The cover of Dead Boys: Stories

To paraphrase the compliment Joan Didion paid Fat City, Leonard Gardner’s classic 1969 novel set in Stockton, California, Richard Lange has got it right about Los Angeles. Dead Boys, his debut story collection, depicts average Southland life with unfaltering exactitude— the doughnut shop–cum-hangout, the sun’s merciless routine, Spanglish, and the disconsolateness of the carless. Such meticulously drawn commonplace scenery is remarkable in itself. But what’s most impressive about Lange’s tales is how his LA bypasses the usual accounts of nihilism and dystopia to signify instead the hard-luck optimism of the losers who are drawn to it.

Lange’s down-and-outs daydream endlessly, but their fantasies are grounded. A typical ambition is middle-class stability. That’s what the parolee wants in “Long Lost,” when he looks up his straight-arrow half brother at Christmastime. Yet he discovers that his sibling isn’t what he seems: This happily married nine-to-fiver has a habit of boosting register-display items just to feel the outlaw’s rush. “You ever see a shrink?” the ex-con suggests, hinting at their shared history of abandonment and implying that subsistence and routine should not be taken for granted.

Men who are perhaps overly conscious of their departed youth narrate these stories, and the book’s title refers as much to their former selves as to the dead children mentioned offhandedly in their anecdotes. Their voices, uniformly worldweary, occasionally sound too much alike, which dilutes their force. It is a distracting flaw, in part because the grizzled insights they mutter are otherwise precisely expressed. Like Raymond Carver and Amy Hempel, Lange is able to phrase a highly specific emotion or state of mind compactly (“I don’t want to be one of those people who need to get to the bottom of things”), but his sentences are rangier, spackled with oddly beautiful imagery pieced together from unlikely materials. In describing a men’s bathroom, for instance, one of his characters sees that “a fresh coat of paint covers the piss blisters pocking the metal divider between the urinals.”

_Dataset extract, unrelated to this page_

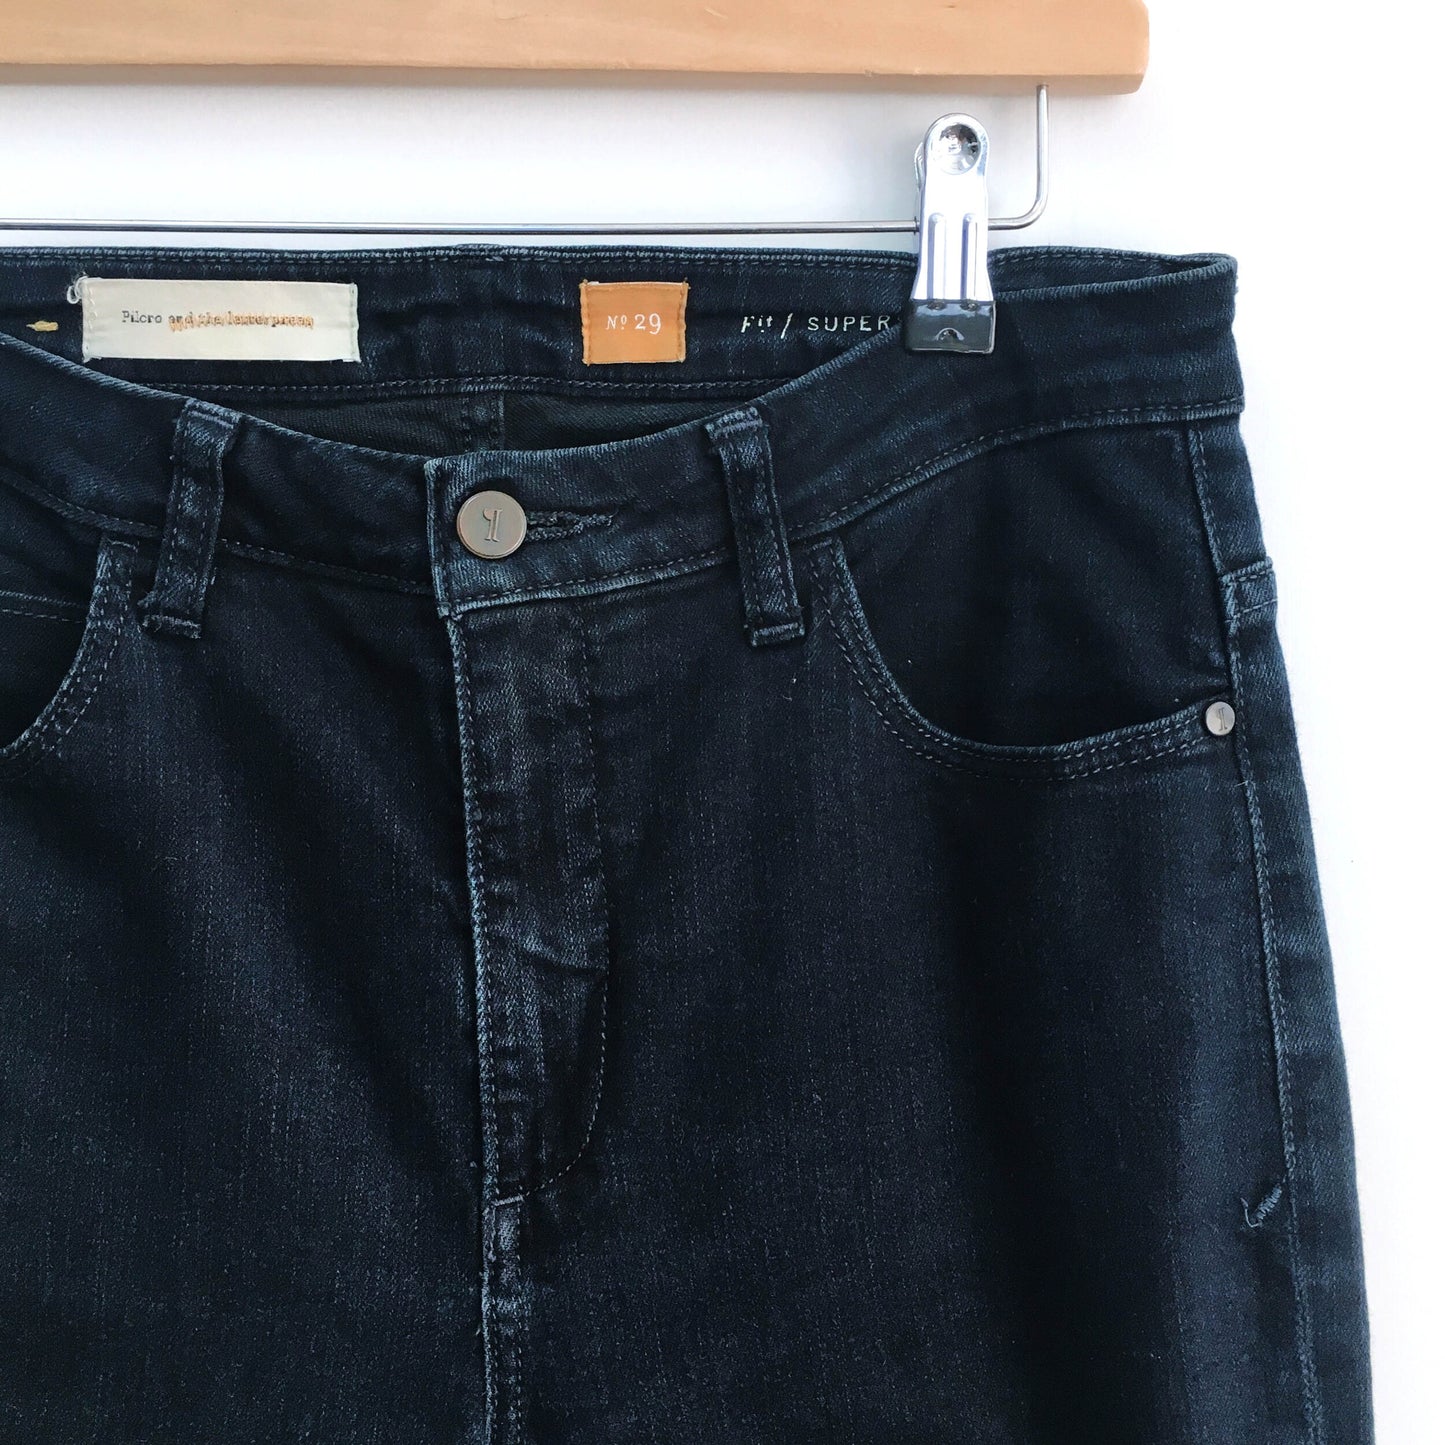 Pilcro and the Letterpress high rise skinny - size 29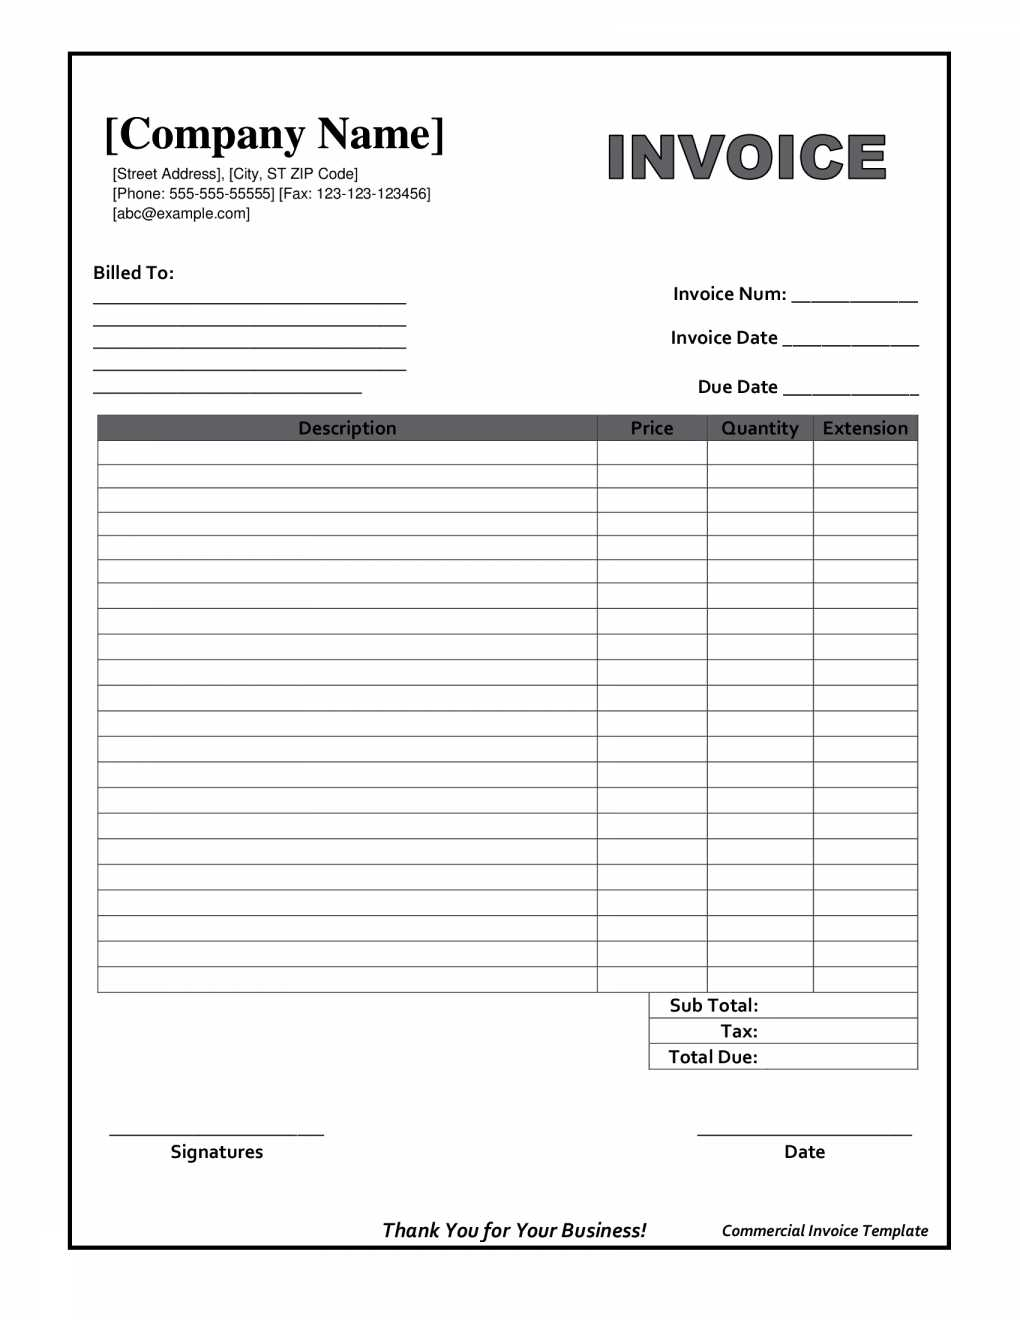 free download of blank vintage invoice template

Through playful, earthy language, Lange continually reminds us that our particular perspective determines our outlook. In fact, the author is especially adroit at sudden reversals of viewpoint: “He grabs my hand and kisses it. It’s one of those moments when you wish you weren’t always watching yourself from across the room.” Lange has a flair for seamy comedy, and while he sometimes imbibes too liberally from Bukowski’s flophouse trough, there is no doubt that on the shopworn territory of literary Los Angeles, he has mapped entirely new topography.